Joel Douglas Hubbard (November 6, 1860 - May 26, 1919) was a U.S. Representative from Missouri.

Born near Marshall, Missouri, Hubbard attended public schools and Central College, Fayette, Missouri.
He graduated from Missouri Medical College at St. Louis in 1882 and practiced medicine in Syracuse, Missouri, until 1886.
Hubbard served as a County clerk from 1886 to 1894.
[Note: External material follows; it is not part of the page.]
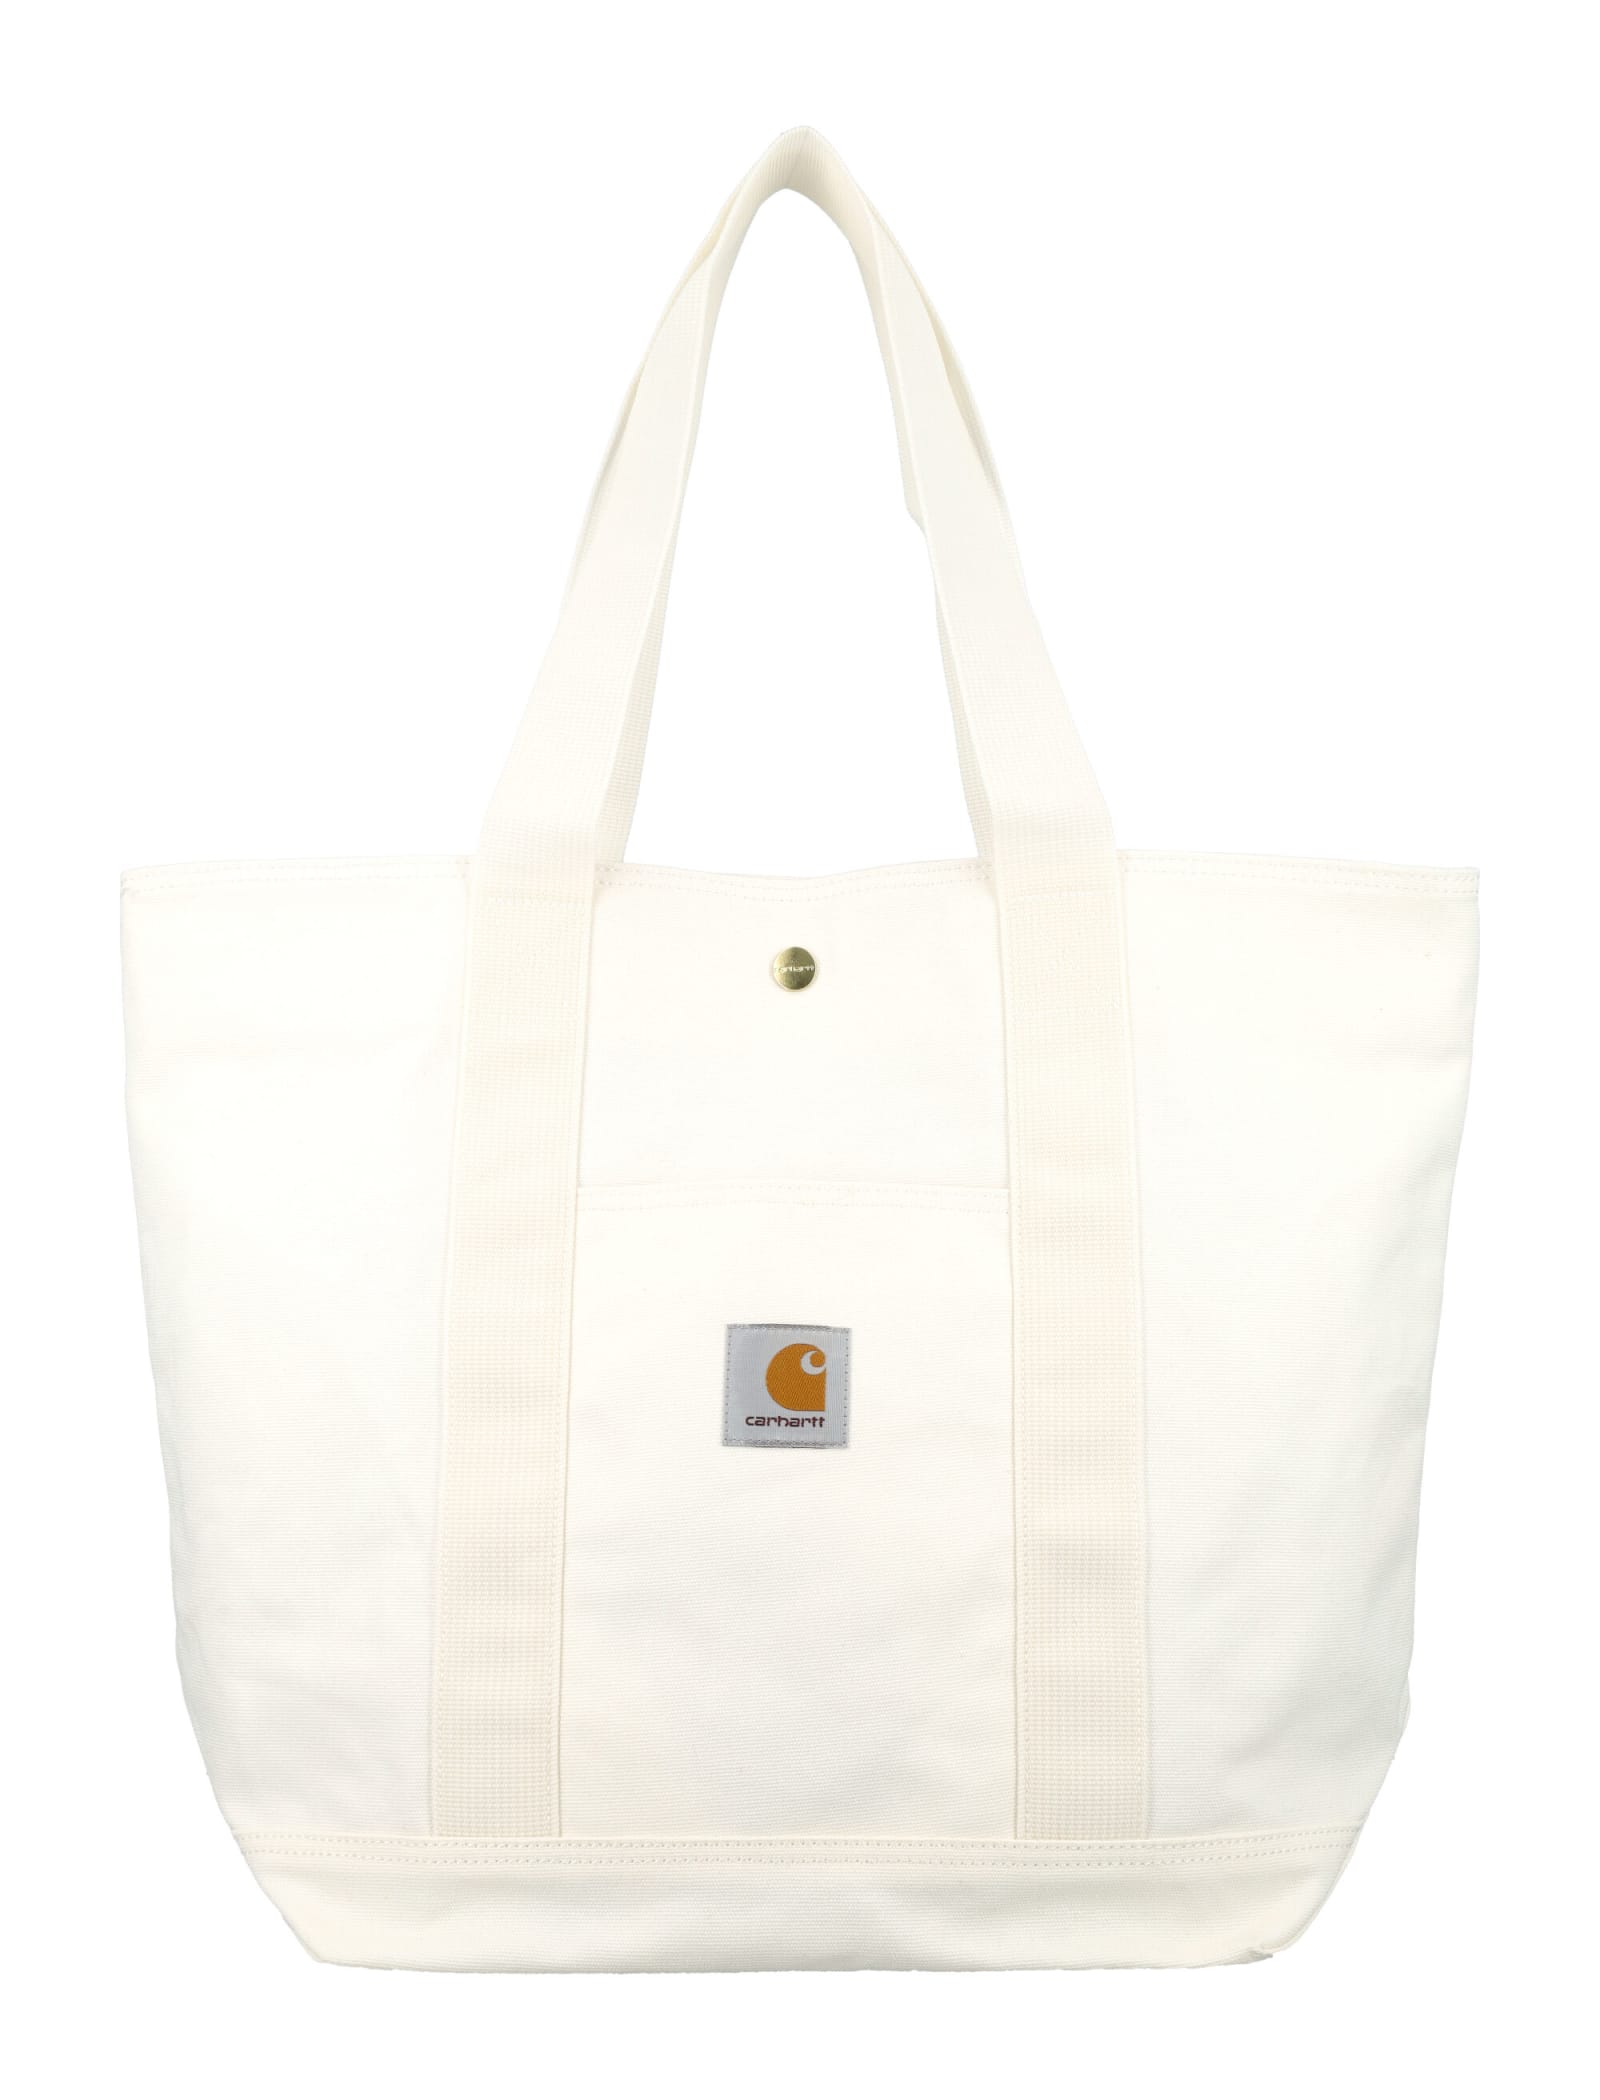 Carhartt Canvas Tote Bag In Wax Rinsed

Hubbard was elected as a Republican to the Fifty-fourth Congress (March 4, 1895 - March 4, 1897).
However, he was an unsuccessful candidate for reelection in 1896 to the Fifty-fifth Congress.
Having studied law, he was admitted to the Missouri bar in 1899 and commenced practice in Versailles, Missouri.
He also engaged in the banking business.
He practiced medicine in Sedalia, Missouri, in 1904 and 1905.
He returned to Versailles and resumed the practice of law and his banking interests.
He moved to El Paso, Texas, in 1917 and continued to practice law.
He died in Tampa, Florida, on May 26, 1919.
He was interred in Versailles Cemetery, Versailles, Missouri.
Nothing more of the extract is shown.